* Instructions to follow *
Leaving out the images, reproduce every line of the data that follows exactly.

* Data excerpt *
== Segment start ==
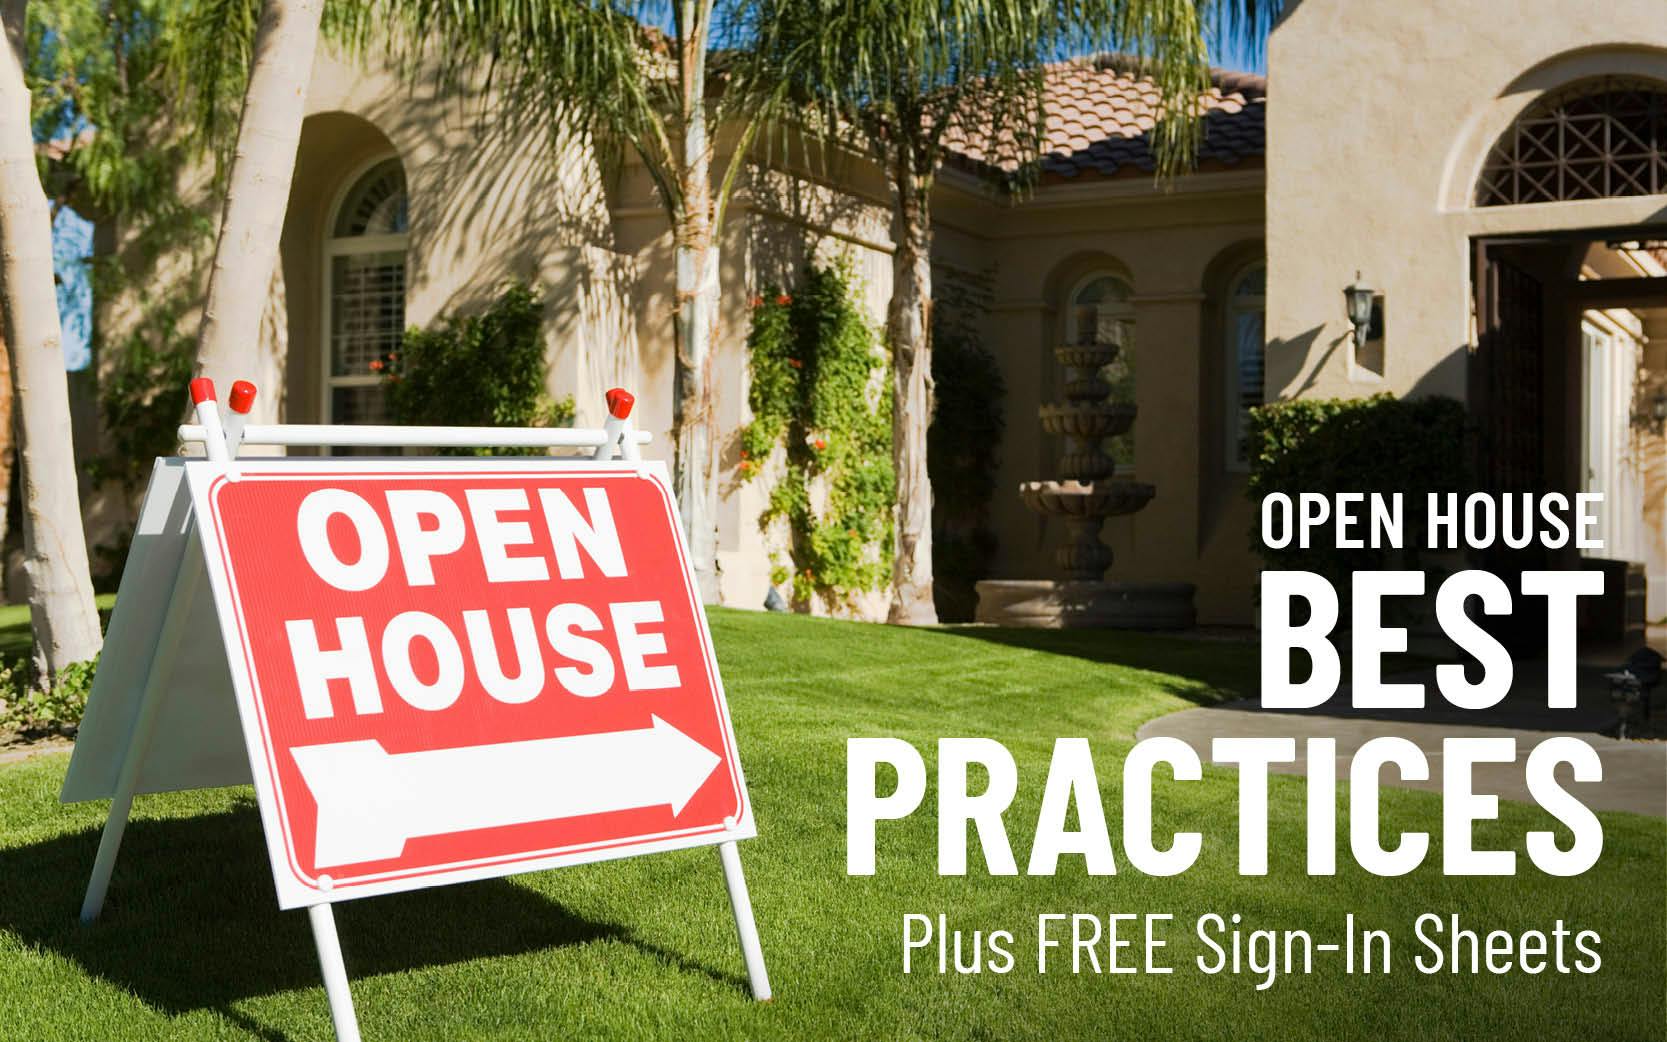 Open House Best Practices Plus FREE Sign-In Sheets
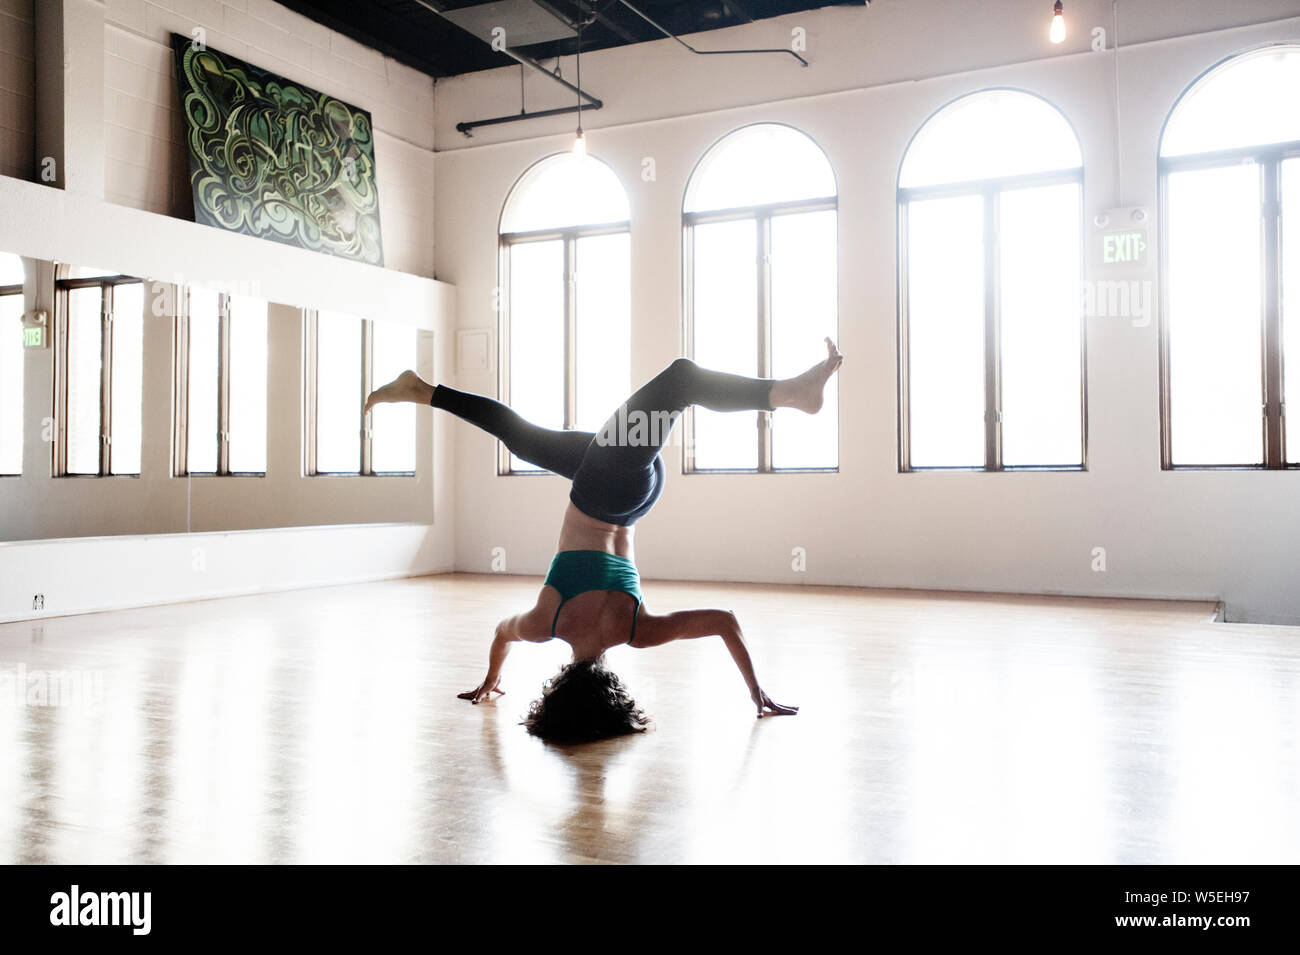 Woman practicing yoga in an extraordinary headstand with a twist. Beautiful window light in an old ballet studio. Stock Photo
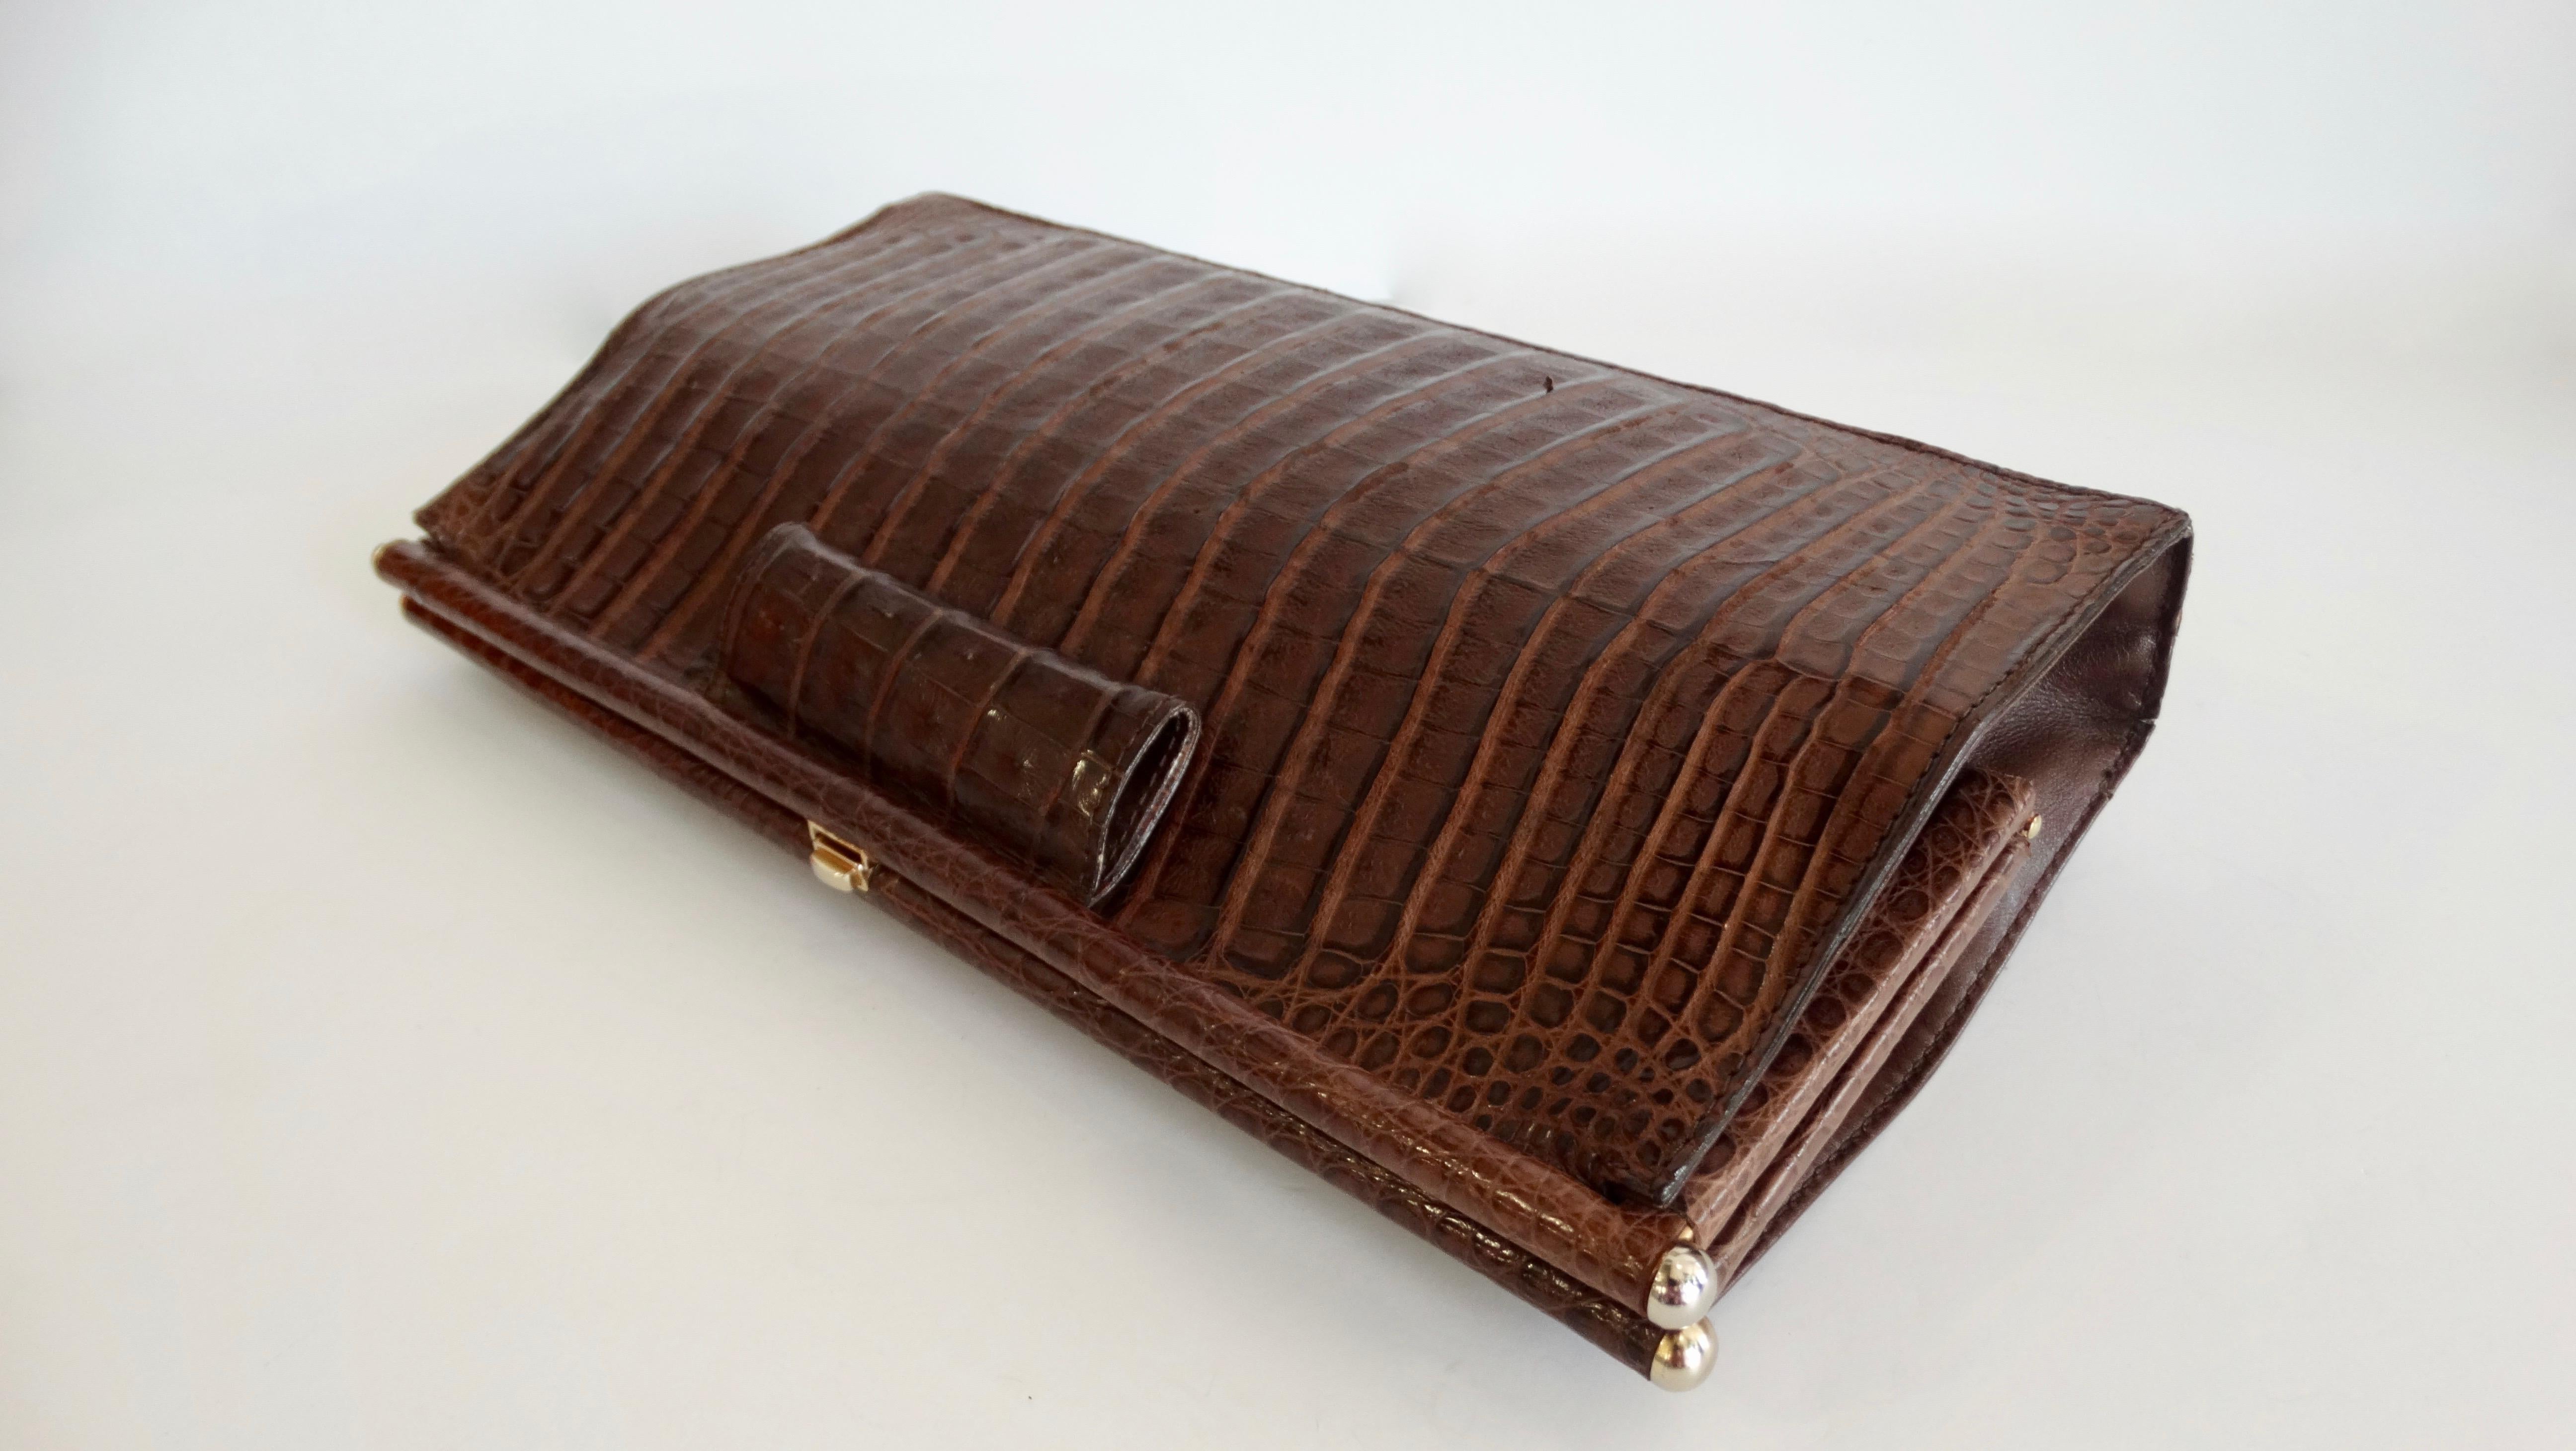 Elevate your purse collection with this Donna Karan clutch! Circa 1980s, this rare clutch is made of genuine caiman crocodile. Features a simple and timeless design and includes a push tap closure. Interior is fully lined in black suede. The perfect
== Segment end ==
* Answer to the exercise *
 Open House Best Practices Plus FREE Sign-In Sheets
 Woman practicing yoga in an extraordinary headstand with a twist. Beautiful window light in an old ballet studio. Stock Photo
 Elevate your purse collection with this Donna Karan clutch! Circa 1980s, this rare clutch is made of genuine caiman crocodile. Features a simple and timeless design and includes a push tap closure. Interior is fully lined in black suede. The perfect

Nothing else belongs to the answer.